Exercise goal:
Pictures do not belong in the copy. Write out exactly the lines from the one containing "Picknick im Wald, Zelt" through the end of the data.

Information shown:
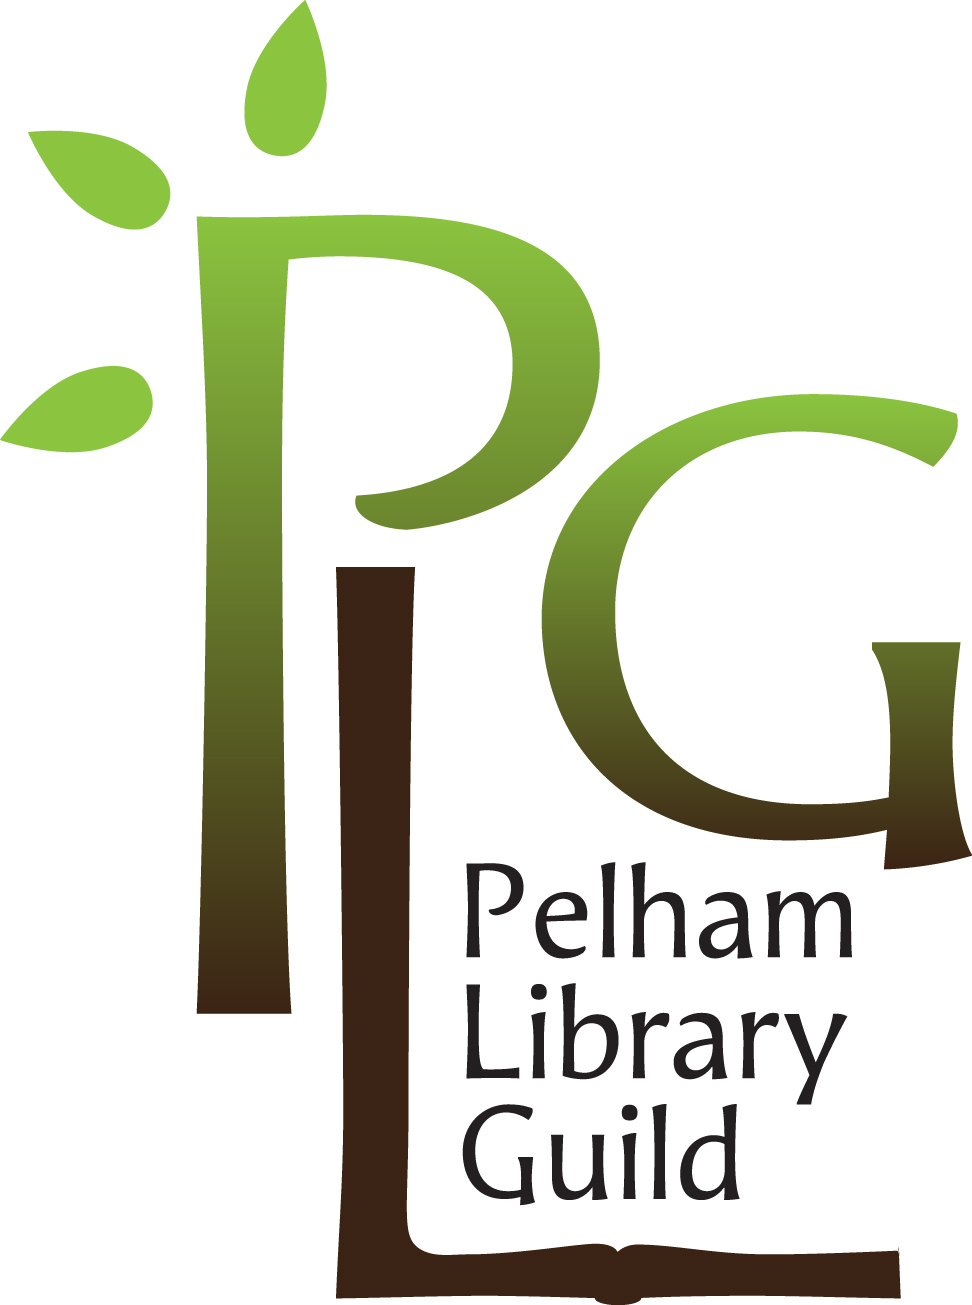 Logo for the Pelham Library Guild
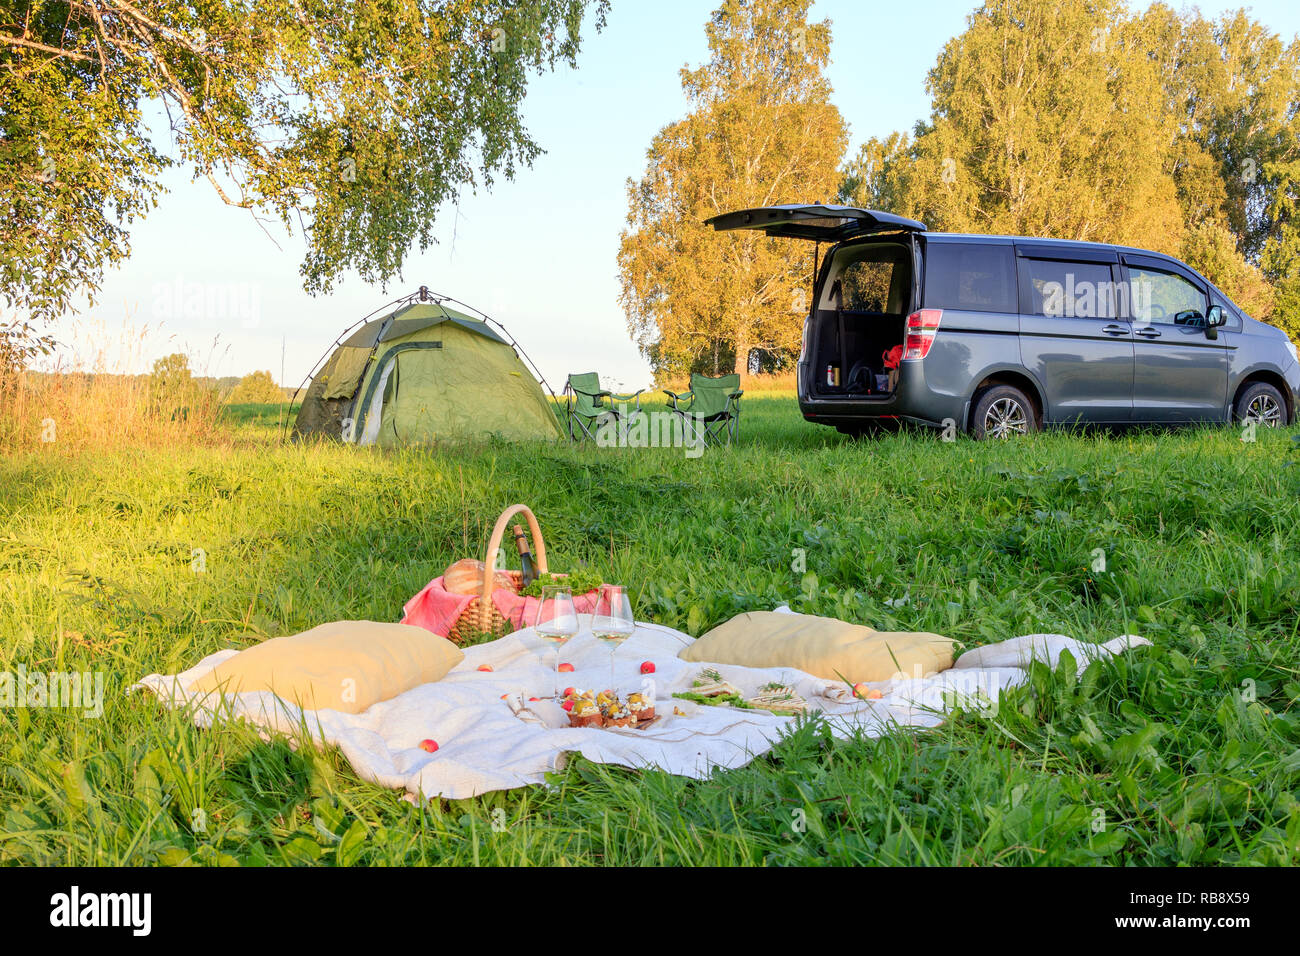 Picknick im Wald, Zelt und Camp Stühle, grau Minibus mit offener Tür, Decke, Weidenkorb, Weingläser, Snacks, Obst, Brot, Kissen. Konzept Stockfoto
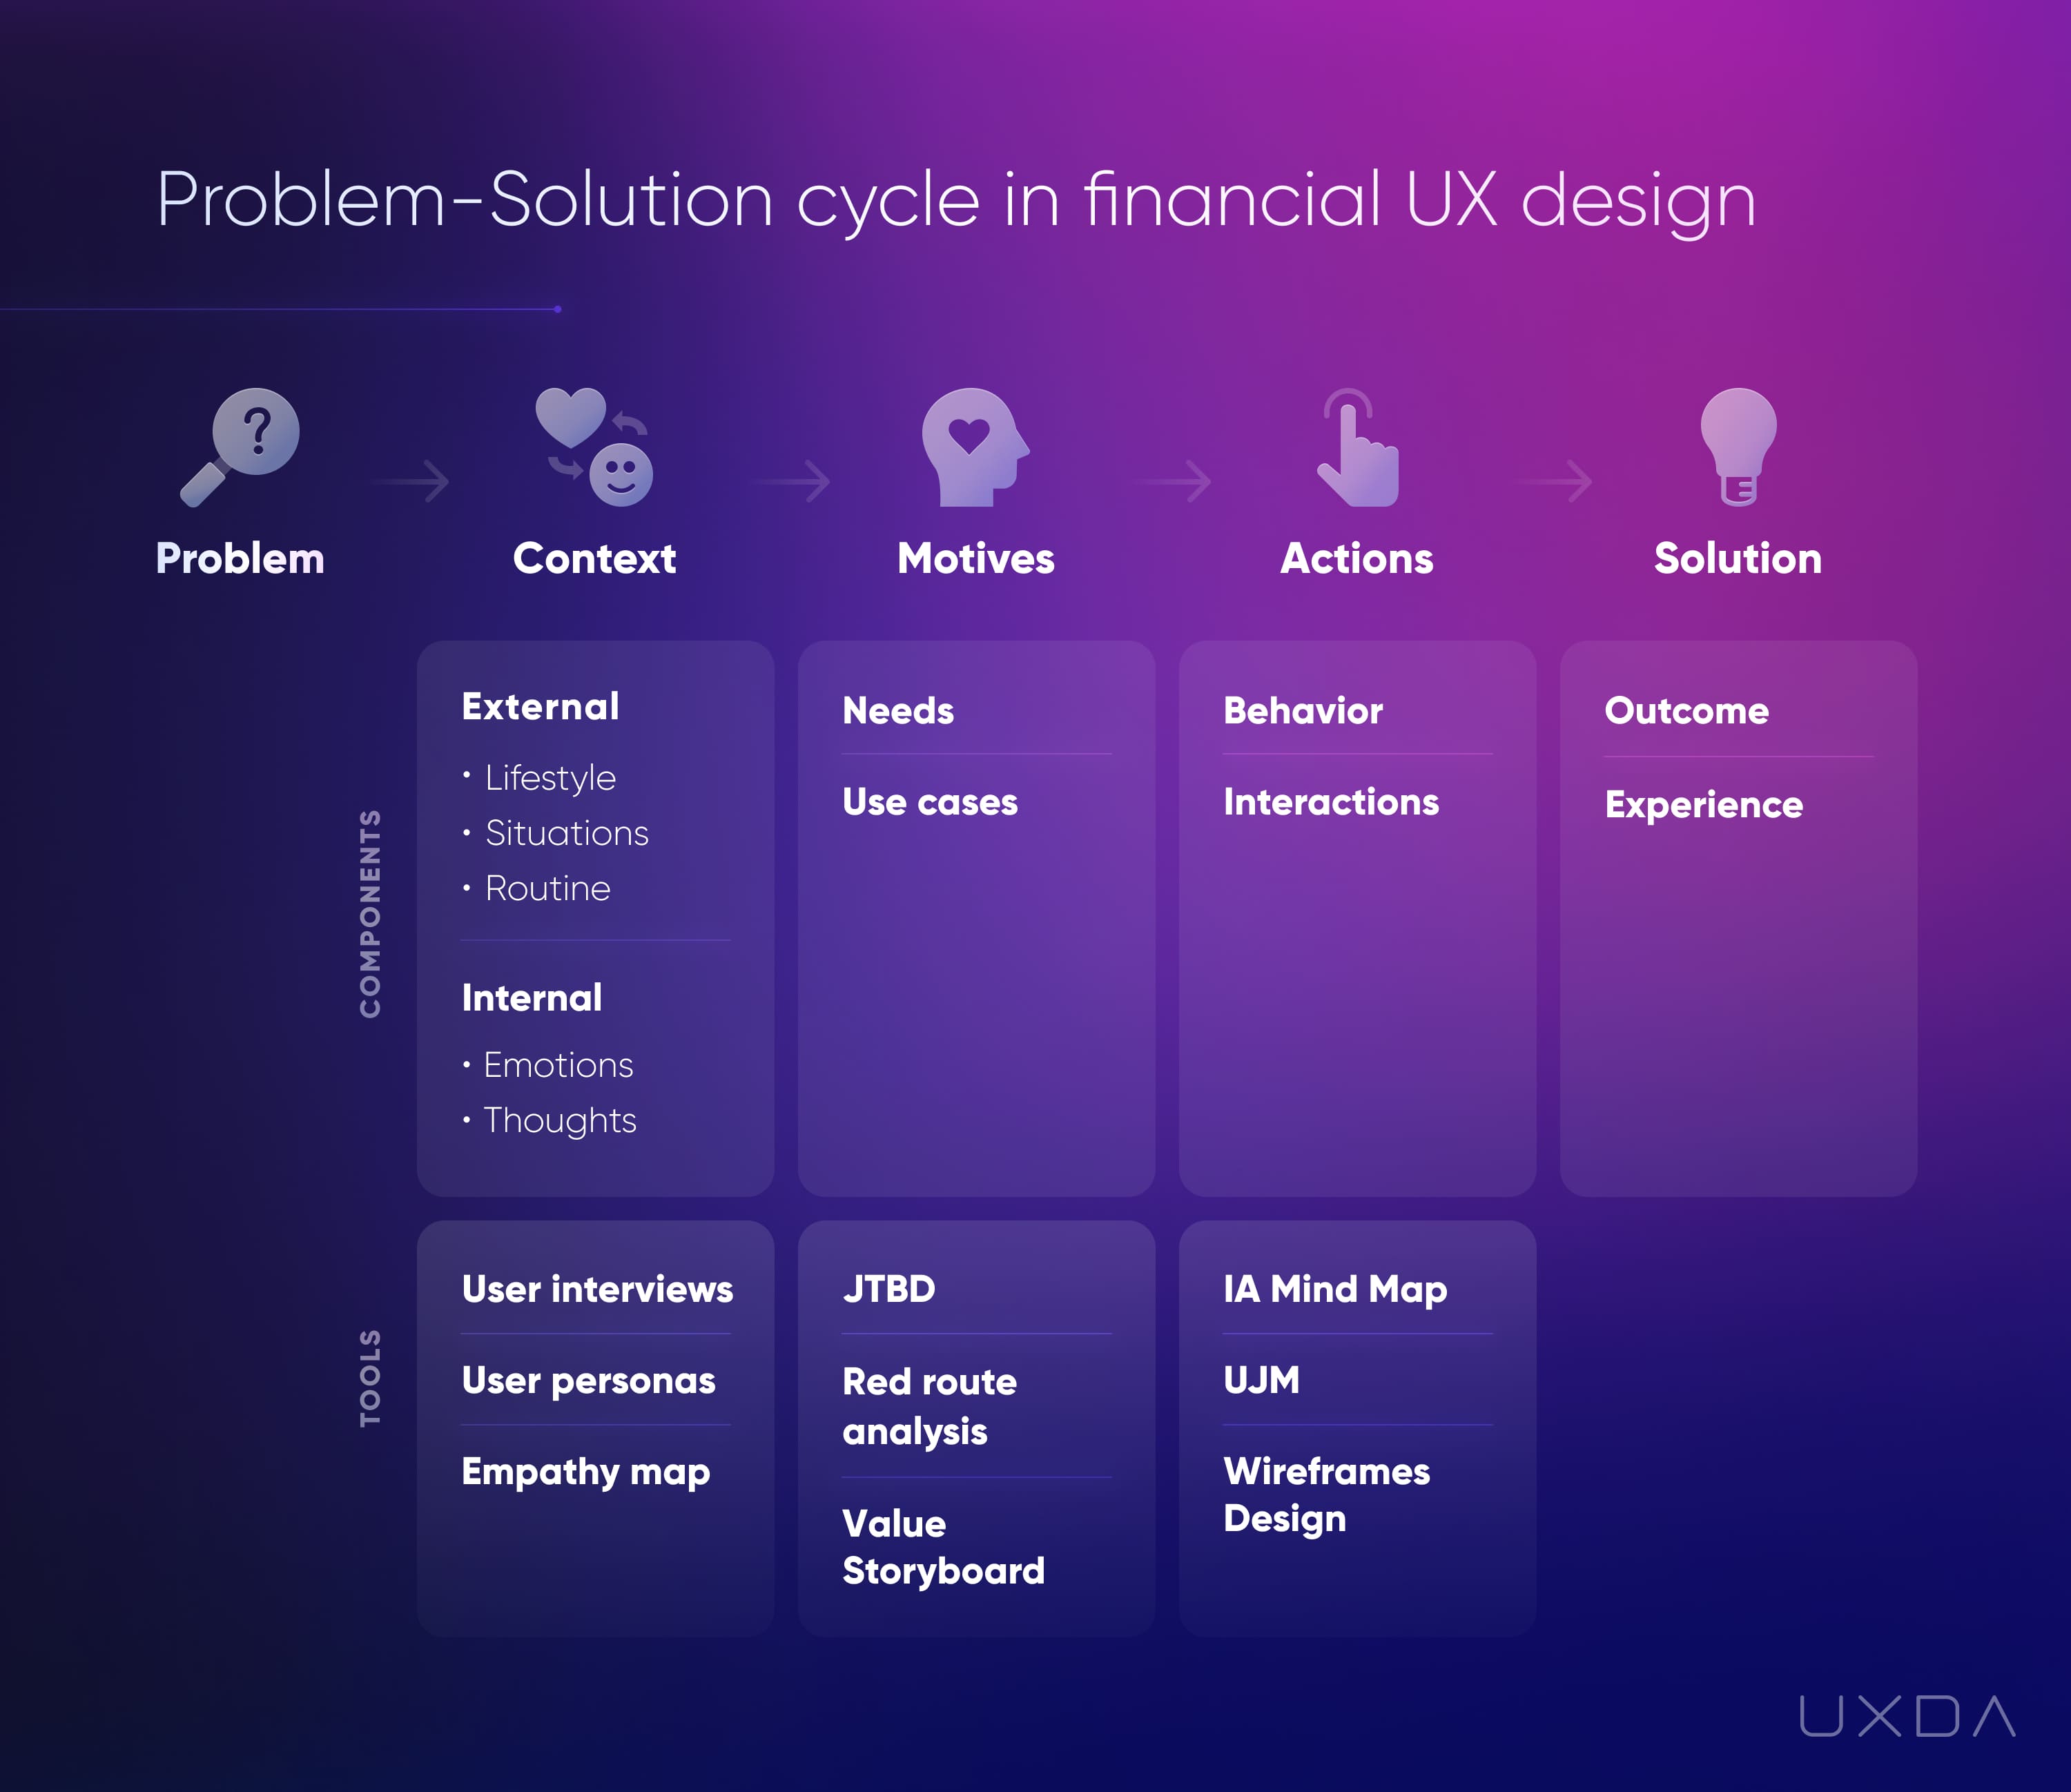 كيفية تحسين تجربة العملاء في الخدمات المصرفية - دورة حل المشكلات

Exercise output:
 Picknick im Wald, Zelt und Camp Stühle, grau Minibus mit offener Tür, Decke, Weidenkorb, Weingläser, Snacks, Obst, Brot, Kissen. Konzept Stockfoto
 كيفية تحسين تجربة العملاء في الخدمات المصرفية - دورة حل المشكلات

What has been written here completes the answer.